Reputation: 1245
I have a pandas dataframe like:
In [61]: df = DataFrame(np.random.rand(3,4), index=['art','mcf','mesa'],
columns=['pol1','pol2','pol3','pol4'])
In [62]: df
Out[62]:
pol1 pol2 pol3 pol4
art 0.661592 0.479202 0.700451 0.345085
mcf 0.235517 0.665981 0.778774 0.610344
mesa 0.838396 0.035648 0.424047 0.866920
and I want to generate a row with the average for the policies across benchmarks and then plot it.
Currently, the way I do this is:
df = df.T
df['average'] = df.apply(average, axis=1)
df = df.T
df.plot(kind='bar')
Is there an elegant way to avoid the double transposition?
I tried:
df.append(DataFrame(df.apply(average)).T)
df.plot(kind='bar')
This will append the correct values but does not update the index properly and the graph is messed up.
A clarification. The result of the code with the double transposition is this: This is what I want. To show both the benchmarks and the average of the policies, not just the average. I was just curious if I can do it better.
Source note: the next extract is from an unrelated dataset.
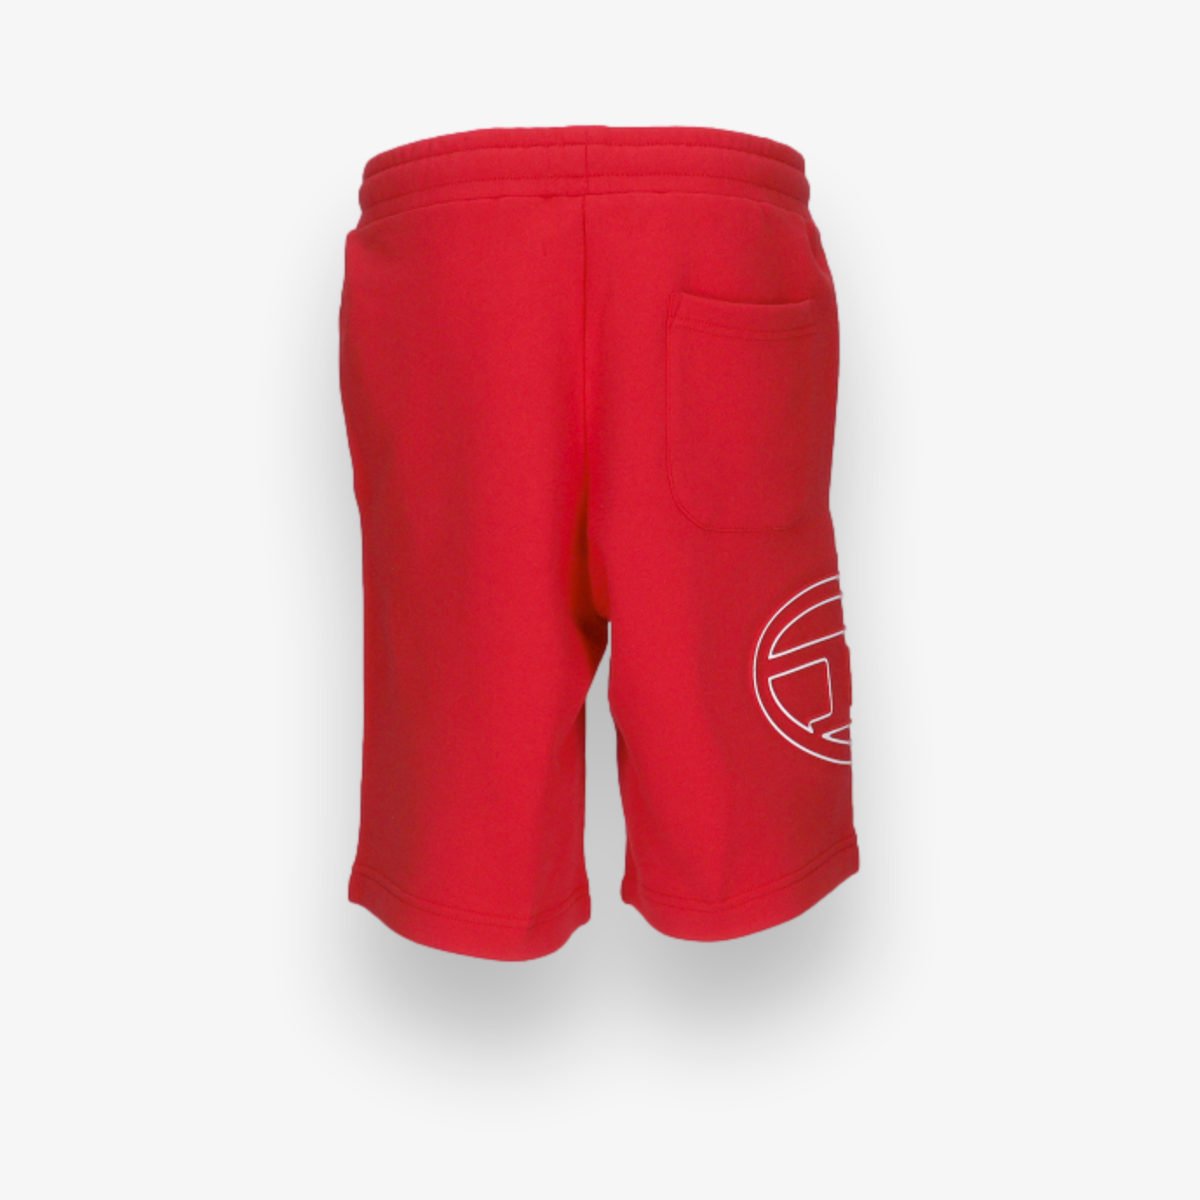 Fleece Shorts With Oval D Logo

Note that the legend is usually messed up. For a fix:
ax = df.plot(kind='bar')
ax.legend(patches, list(df.columns), loc='best')
Upvotes: 11
Views: 47618
Reputation: 36184
You can simply use the instance method mean
of the DataFrame
and than plot the results. There is no need for transposition.
In [14]: df.mean()
Out[14]:
pol1 0.578502
pol2 0.393610
pol3 0.634424
pol4 0.607450
In [15]: df.mean().plot(kind='bar')
Out[15]: <matplotlib.axes.AxesSubplot at 0x4a327d0>
If you want to plot the bars of all columns and the mean you can append
the mean:
In [95]: average = df.mean()
In [96]: average.name = 'average'
In [97]: df = df.append(average)
In [98]: df
Out[98]:
pol1 pol2 pol3 pol4
art 0.661592 0.479202 0.700451 0.345085
mcf 0.235517 0.665981 0.778774 0.610344
mesa 0.838396 0.035648 0.424047 0.866920
average 0.578502 0.393610 0.634424 0.607450
In [99]: df.plot(kind='bar')
Out[99]: <matplotlib.axes.AxesSubplot at 0x52f4390>
If your layout doesn't fit in to the subplot tight_layout
will adjust the matplotlib parameters.